The Institute of International Finance (IIF) concisely described this process in a report issued in April 2008:
Often-dramatic write-downs of sound assets required under the current implementation of fair-value accounting adversely affect market sentiment, in turn leading to further write-downs, margin calls and capital impacts in a downward spiral that may lead to large-scale fire-sales of assets, and destabilizing, pro-cyclical feedback effects. These damaging feedback effects worsen liquidity problems and contribute to the conversion of liquidity problems into solvency problems.
The unending writedowns have produced a number of similar statements by analysts to the effect that things have gone too far–that assets have been written down well below their real value. Statements of this kind have been made by S&P analysts, the Bank of England, the Financial Stability Forum, and, most recently, the Bank for International Settlements.
It is through this mechanism that the decline in market values–and its recognition in the mark-to-market valuation required by fair value accounting–has had its most significant effect on the balance sheets of financial intermediaries such as commercial and investment banks. These entities were likely holding large amounts of MBS and ABS, many of them rated AAA and thus initially thought to be of high quality. Because of the difficulty in meeting the standards for assets held to maturity (carried at amortized cost) under FAS 115, most of these assets were probably carried on balance sheets either as trading assets or assets available for sale–both of which are subject to mark-to-market rules under fair value accounting principles. By many accounts, the cash flows associated with these assets have generally continued to meet expectations, but the market values of the assets themselves have continued to fall. Under fair value accounting principles, then, these commercial and investment banks have been required to continue to write down the value of the asset-backed securities on their books, producing large and continuing operating and capital losses and making them appear weaker than they would if their assets were valued on the basis of the cash flows these assets produce.

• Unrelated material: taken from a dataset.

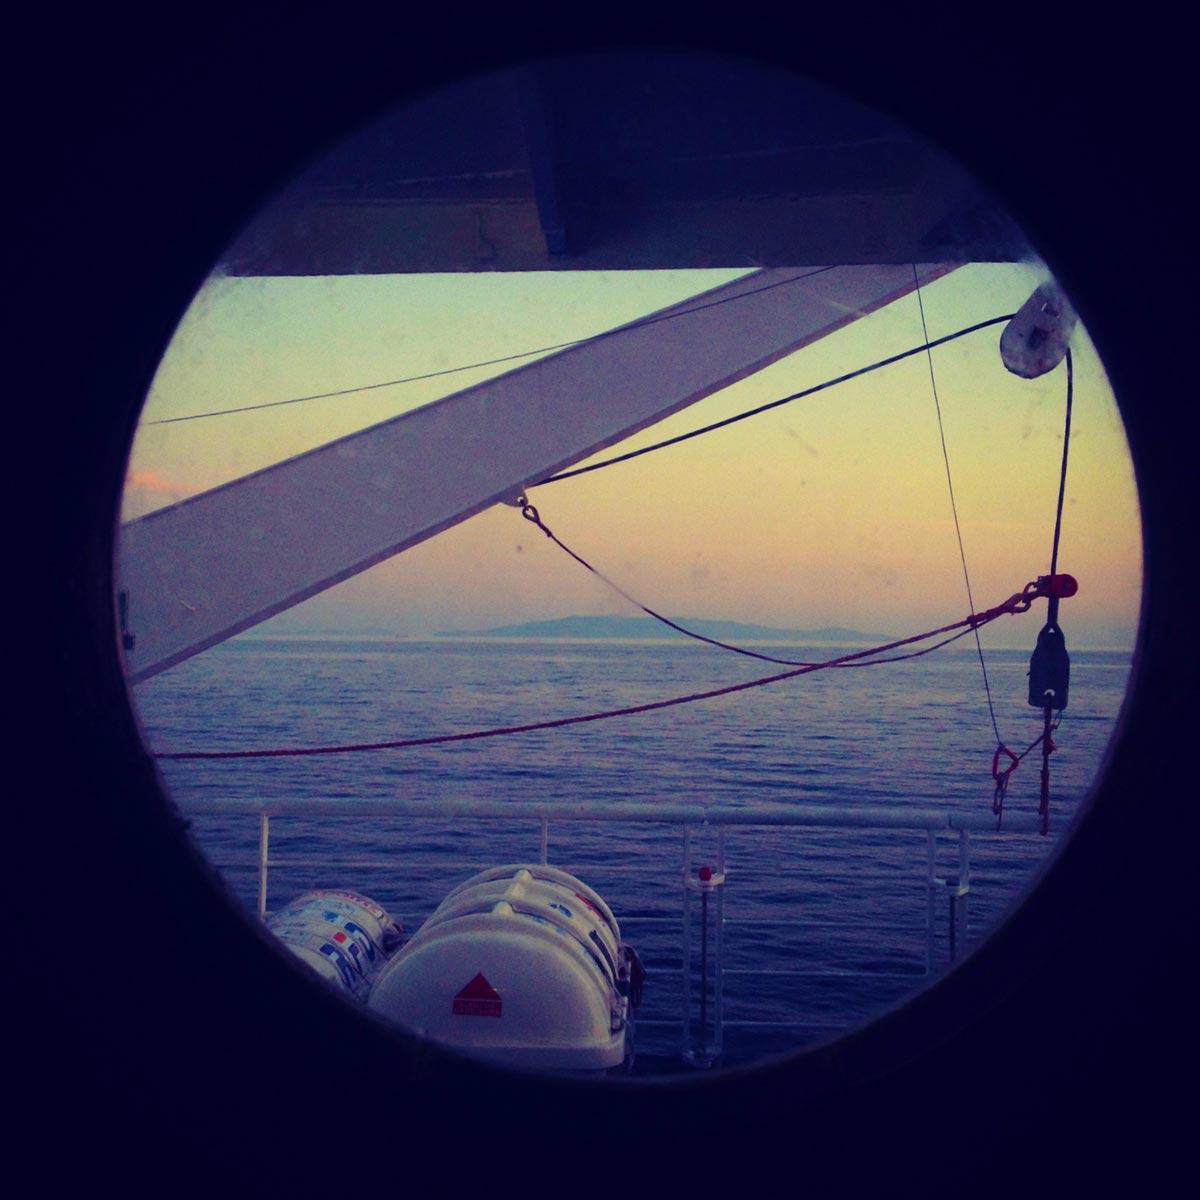 Cyclades sunset

In an effort to shore up their balance sheets, these organizations were compelled to sell shares at much reduced values, causing substantial losses to their shareholders. Bear Stearns, the first victim of this process because it had been unable or unwilling to raise sufficient new equity in time, had to be rescued by the Federal Reserve. Its failure would likely have created panic among the millions of investors around the world who–in mid-March–had doubts about the financial stability of most of the world’s major financial institutions. Without this rescue, these investors and creditors might have rushed for the doors in all the great commercial and investment banks, producing a worldwide financial collapse. It seems an unavoidable conclusion, however, that the doubts about the financial stability of these institutions were sown by the drastic cuts in asset prices required by the mark-to-market valuations of fair value accounting, instead of a fair appraisal of the value of the cash flows their assets were producing.

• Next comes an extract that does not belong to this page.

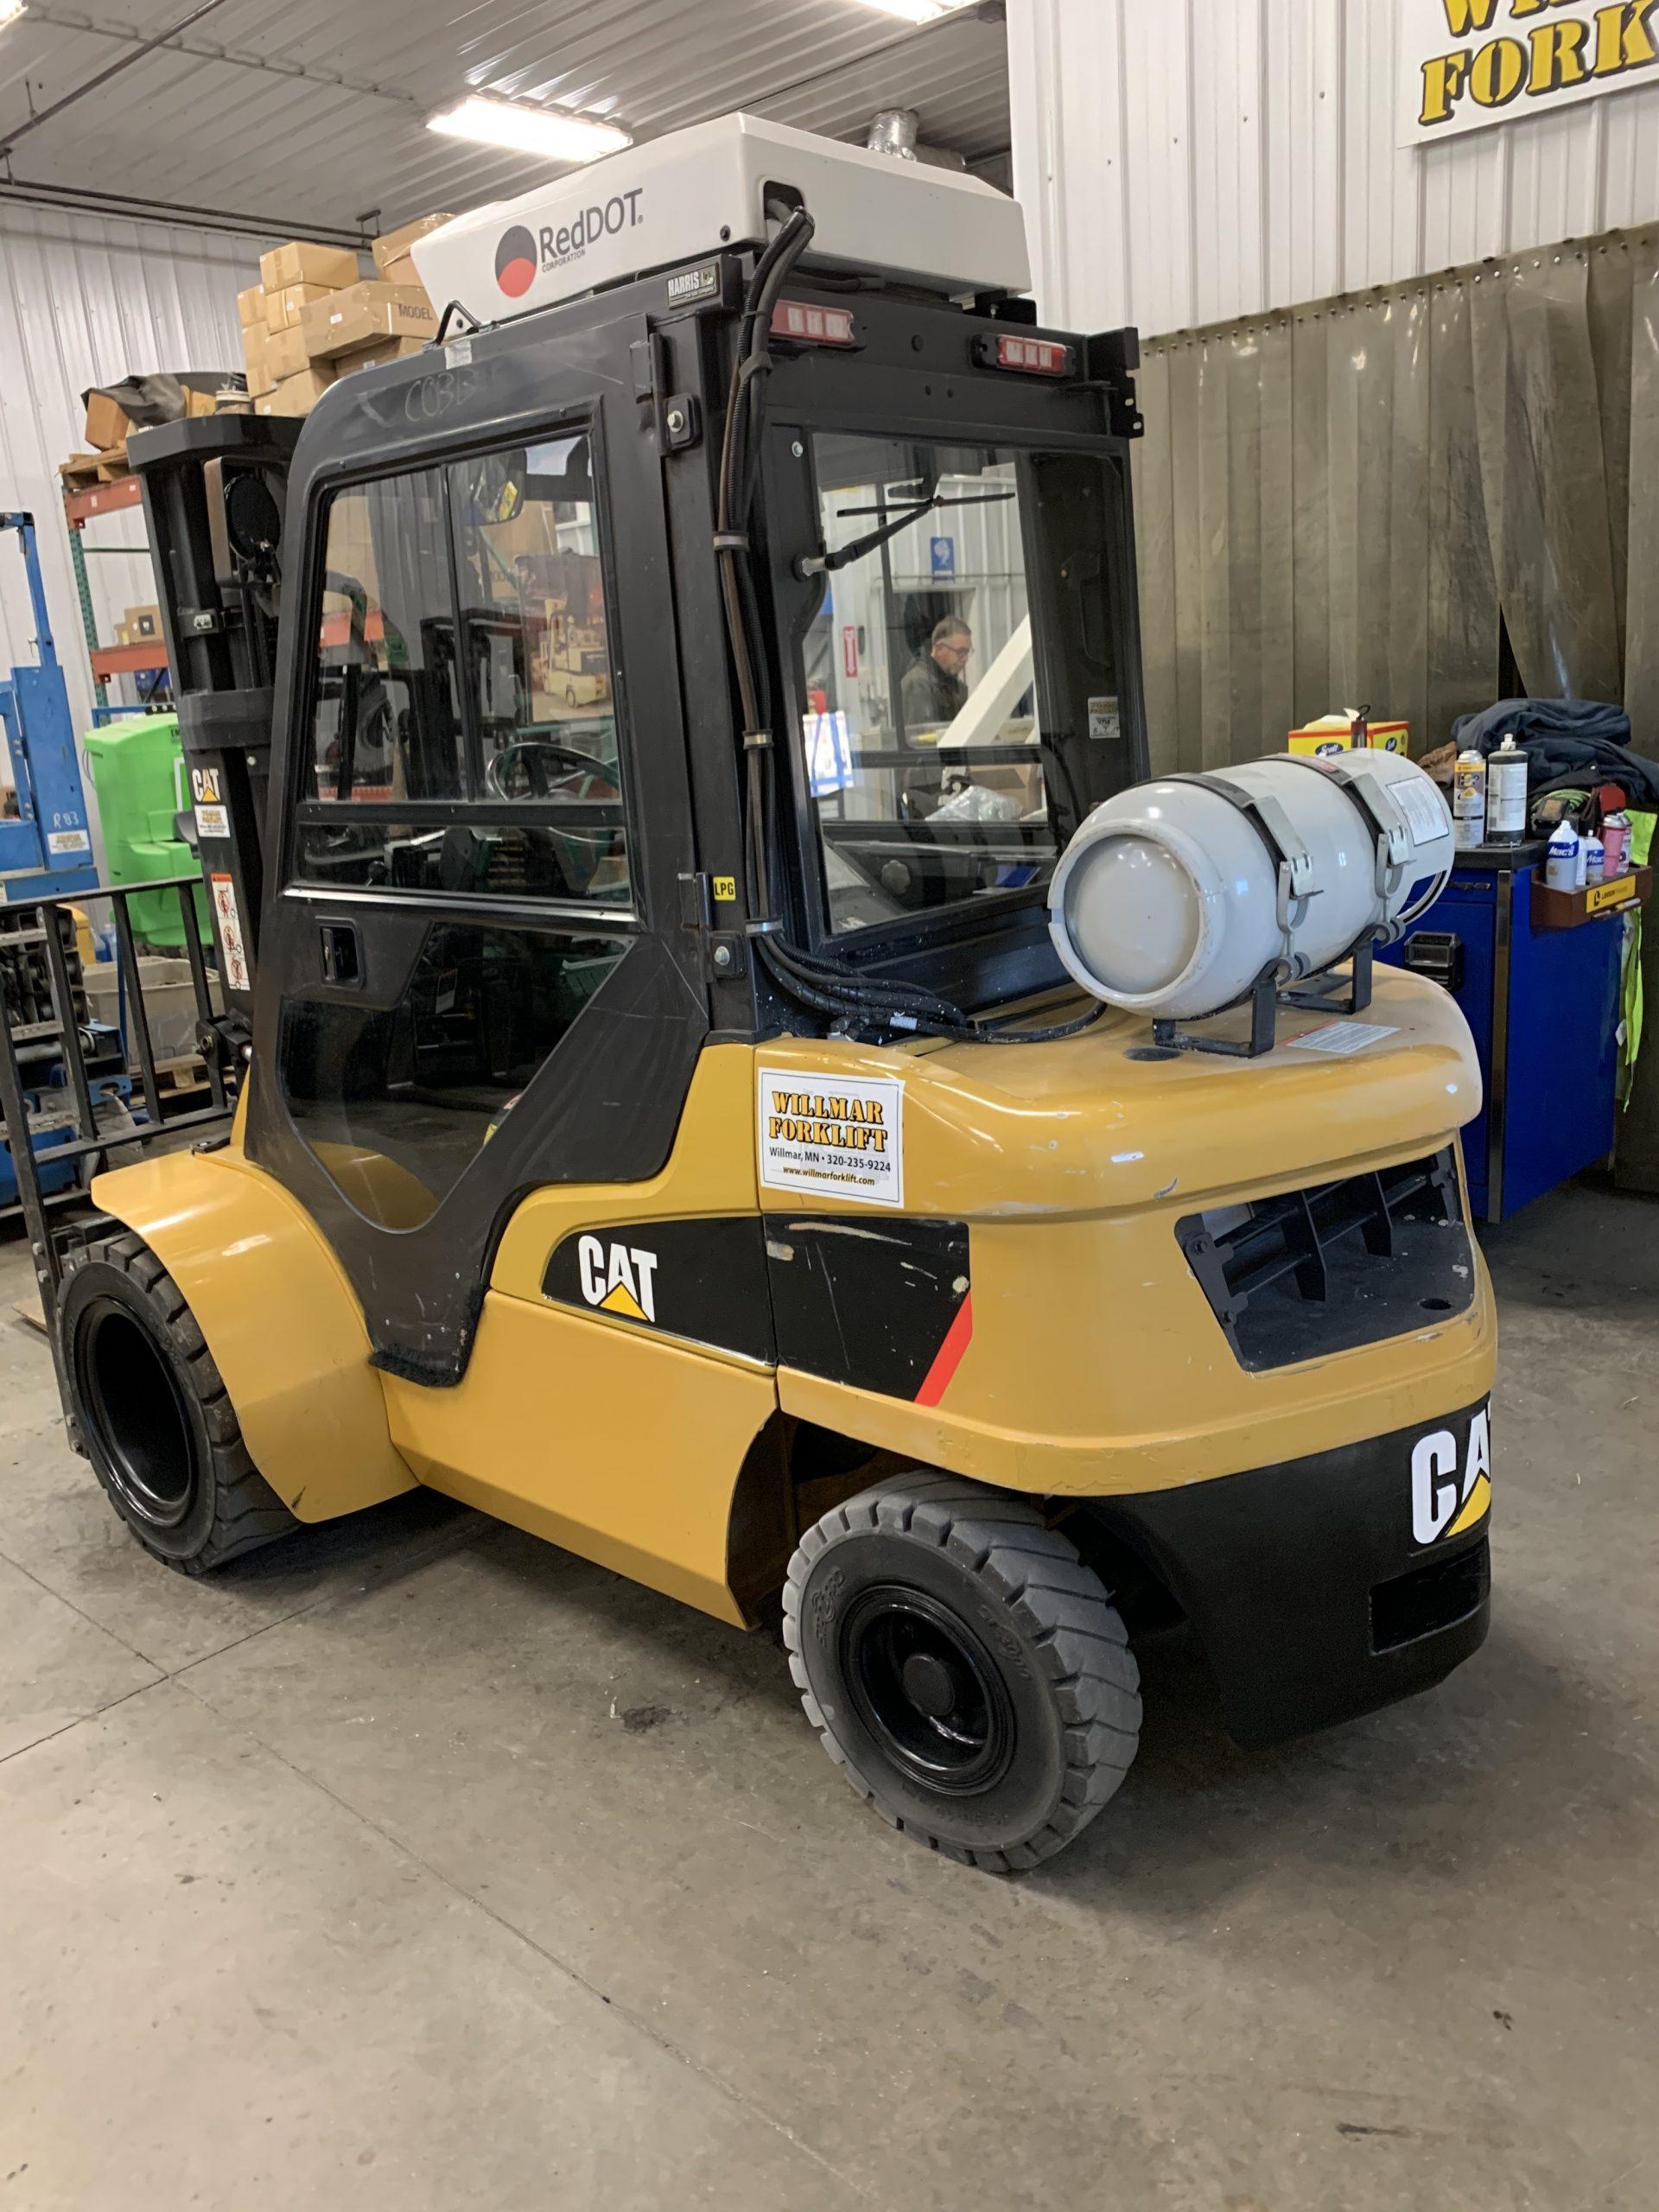 Caterpillar Forklift C0313 (1)

This was not a necessary outcome. FAS 157 contains language that–if properly and reasonably applied–might have prevented this outcome. It should be recalled that FAS 157 requires market prices to be used for the valuation of assets when they are sold in an “orderly transaction” and that Level 3 valuations (unobservable inputs, like models) may be used when there is “little, if any, market activity.” In discussing the meaning of “orderly transaction,” the rule’s language is important:
A fair value measurement assumes that the asset or liability is exchanged in an orderly transaction between market participants to sell the asset . . . at the measurement date. An orderly transaction is a transaction that assumes exposure to the market for a period prior to the measurement date to allow for marketing activities that are usual and customary for transactions involving such assets or liabilities; it is not a forced transaction (for example, a forced liquidation or distress sale).

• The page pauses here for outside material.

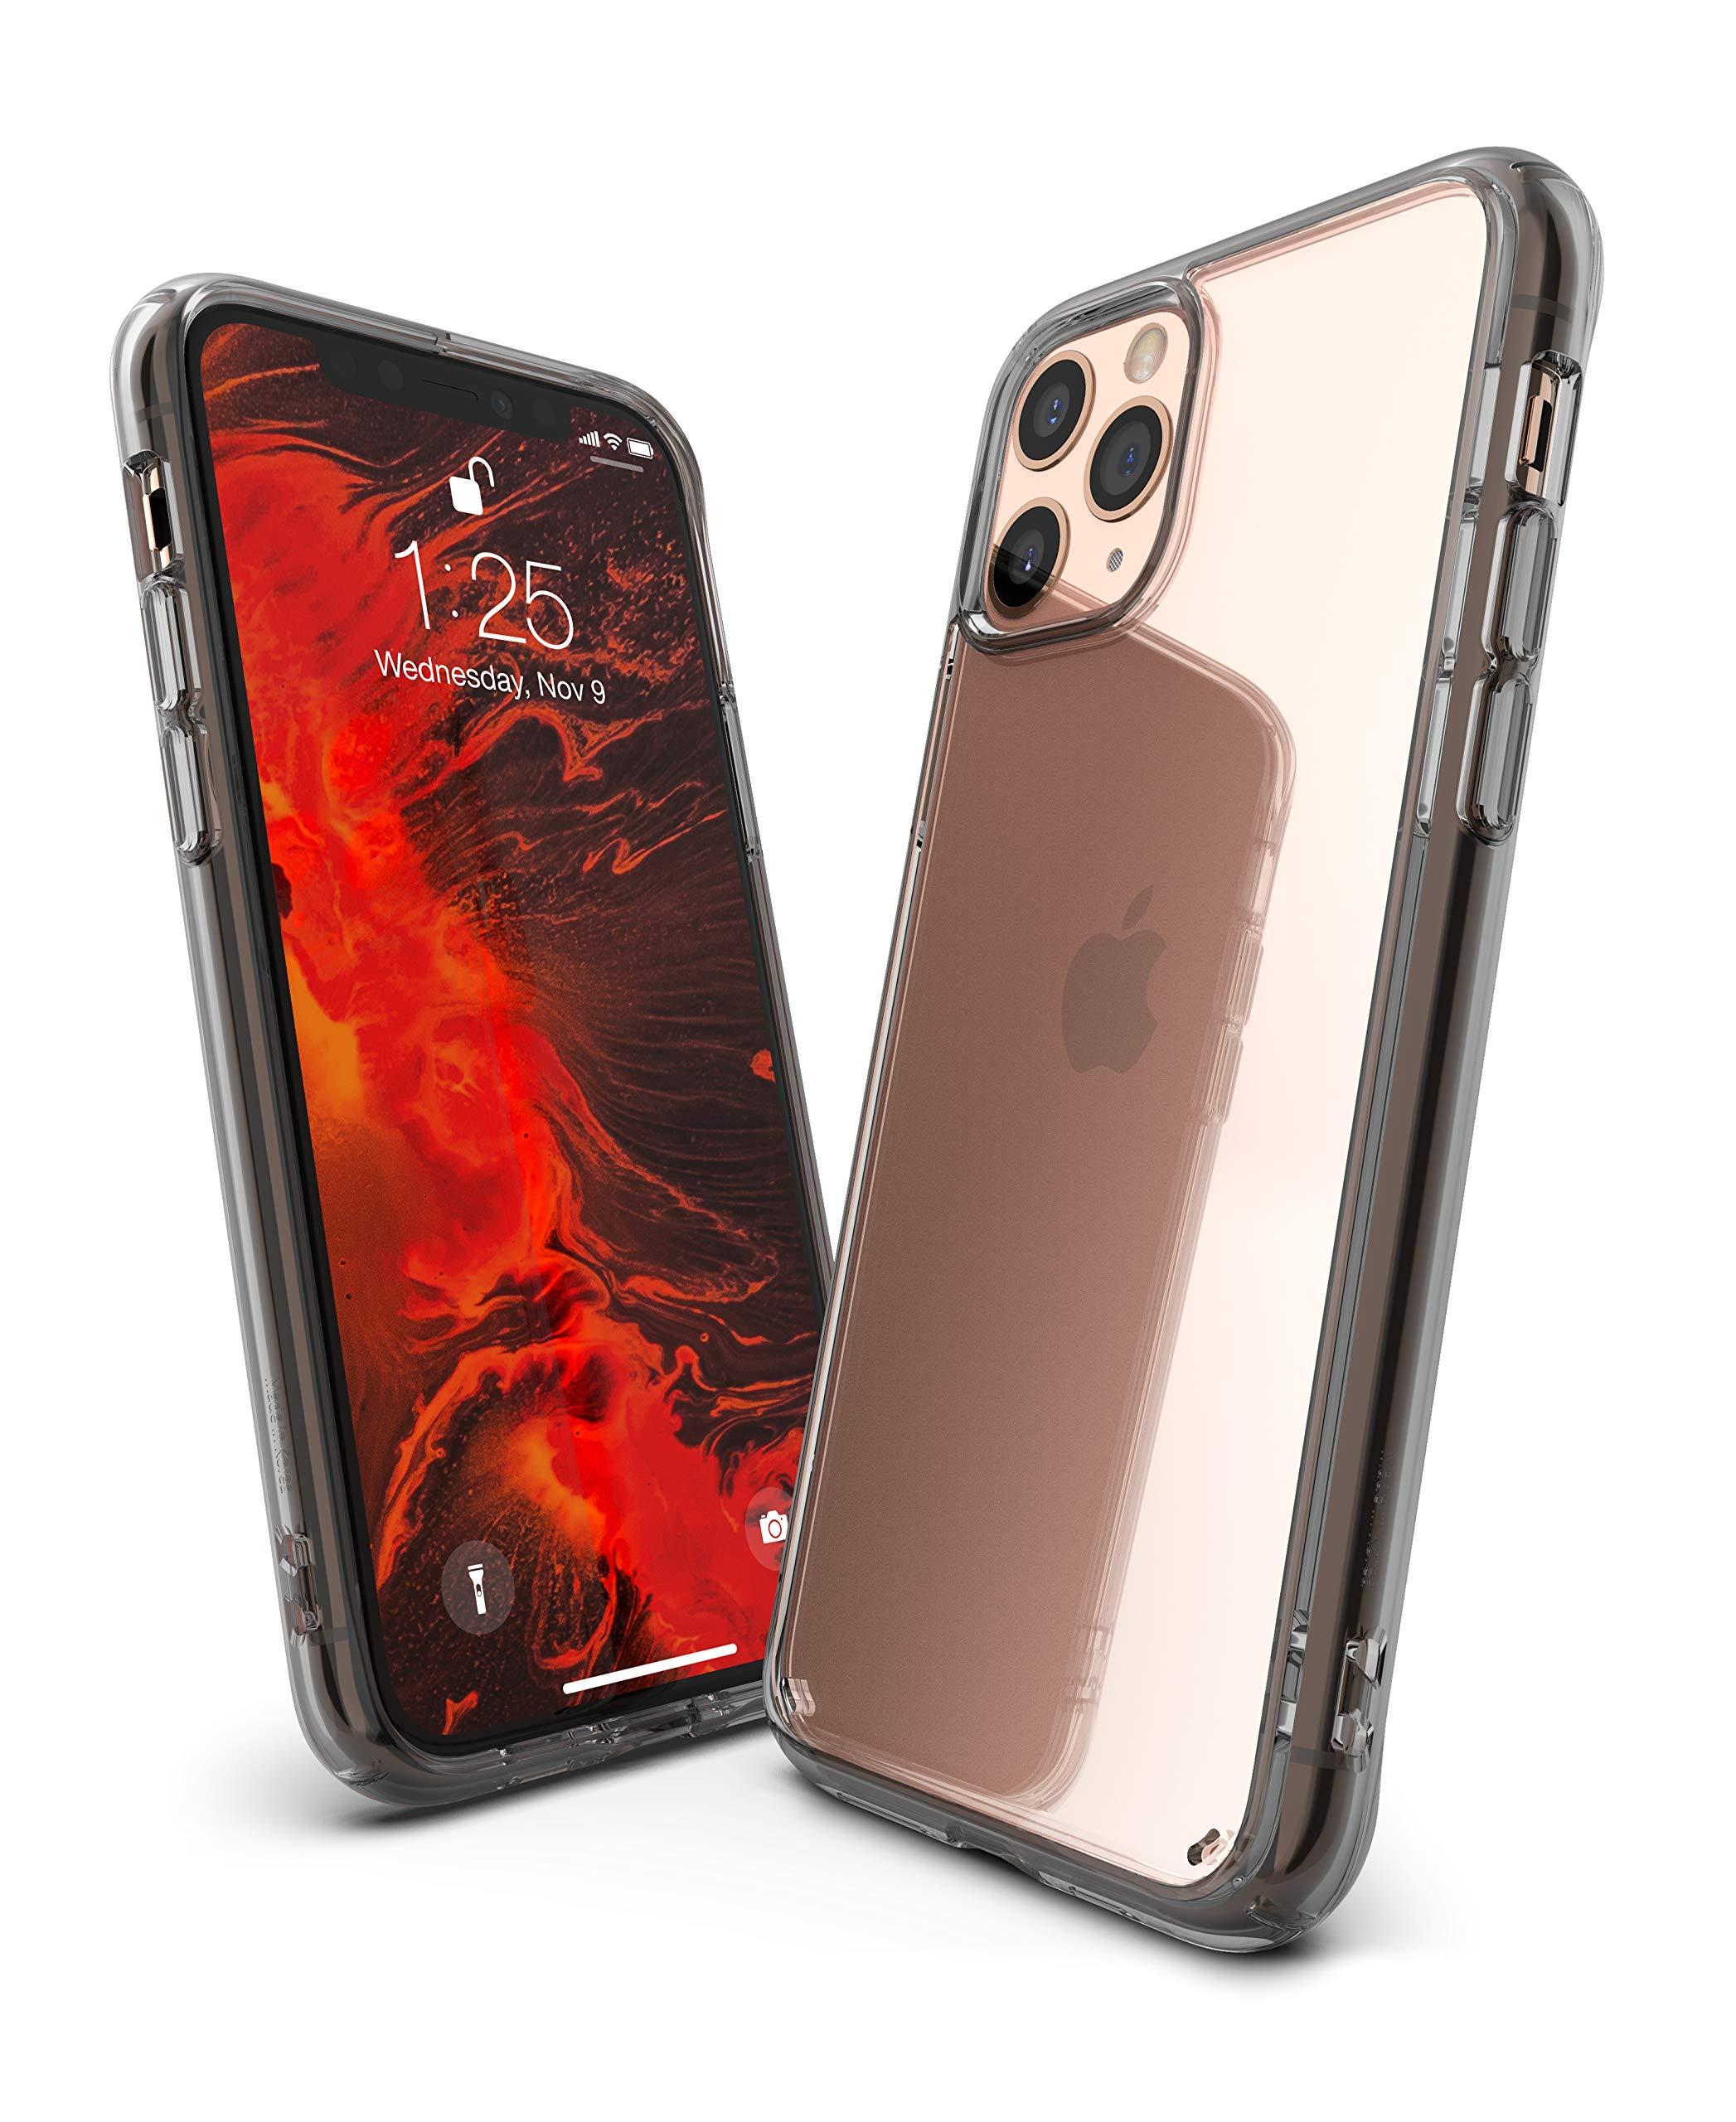 Ringke Fusion Designed for iPhone 11 Pro Max Case (2019) - Smoke Black

This language would have made it possible for FASB or accountants themselves to adjust their implementation of FAS 157 so that preparers could take account of the fact that the market prices they were seeing were the result of “a forced liquidation or distress sale.” It was also possible that the Securities and Exchange Commission (SEC)–which has delegated financial rulemaking authority to FASB–would step in and clarify FAS 157 so that the market prices of distressed and liquidation assets did not become the basis for the values that accountants would require that their clients use. But that is not what happened. In early March 2008, the SEC sent a letter to the chief financial officers of public companies, commenting on FAS 157 and its applicability in current market conditions:
Fair value assumes the exchange of assets or liabilities in orderly transactions. Under SFAS 157, it is appropriate for you to consider actual market prices, or observable inputs, even when the market is less liquid than historical market volumes, unless prices are the result of a forced liquidation or distress sale. Only when actual market prices, or relevant observable inputs, are not available is it appropriate for you to use unobservable inputs which reflect your assumptions of what market participants would use in pricing the asset or liability.
The letter gave no useful guidance whatsoever to companies or accountants about the effect of market conditions on asset values. It avoided completely the central question–whether market values were the result of distress sales and liquidations–and probably made things worse by saying that “actual market prices” had to be used as long as they are available, unless of course these “actual market prices” are the result of a forced liquidation or distress sale. Moreover, the last sentence of the quoted paragraph also discouraged the use of Level 3 valuation methods under FAS 157–which applies when there is “little, if any market activity”–by stating that this was possible “only when actual market prices, or relevant observable inputs, are not available.” If Level 3 valuations had been permitted, companies might have been able to use discounted cash flow for valuing their assets, thus avoiding the writedowns associated with marking their assets to distressed market prices. All the SEC had to do in this connection was note that, even though some prices were available in the market, there was actually “little . . . market activity”–a fact everyone in the market was pointing out at the time.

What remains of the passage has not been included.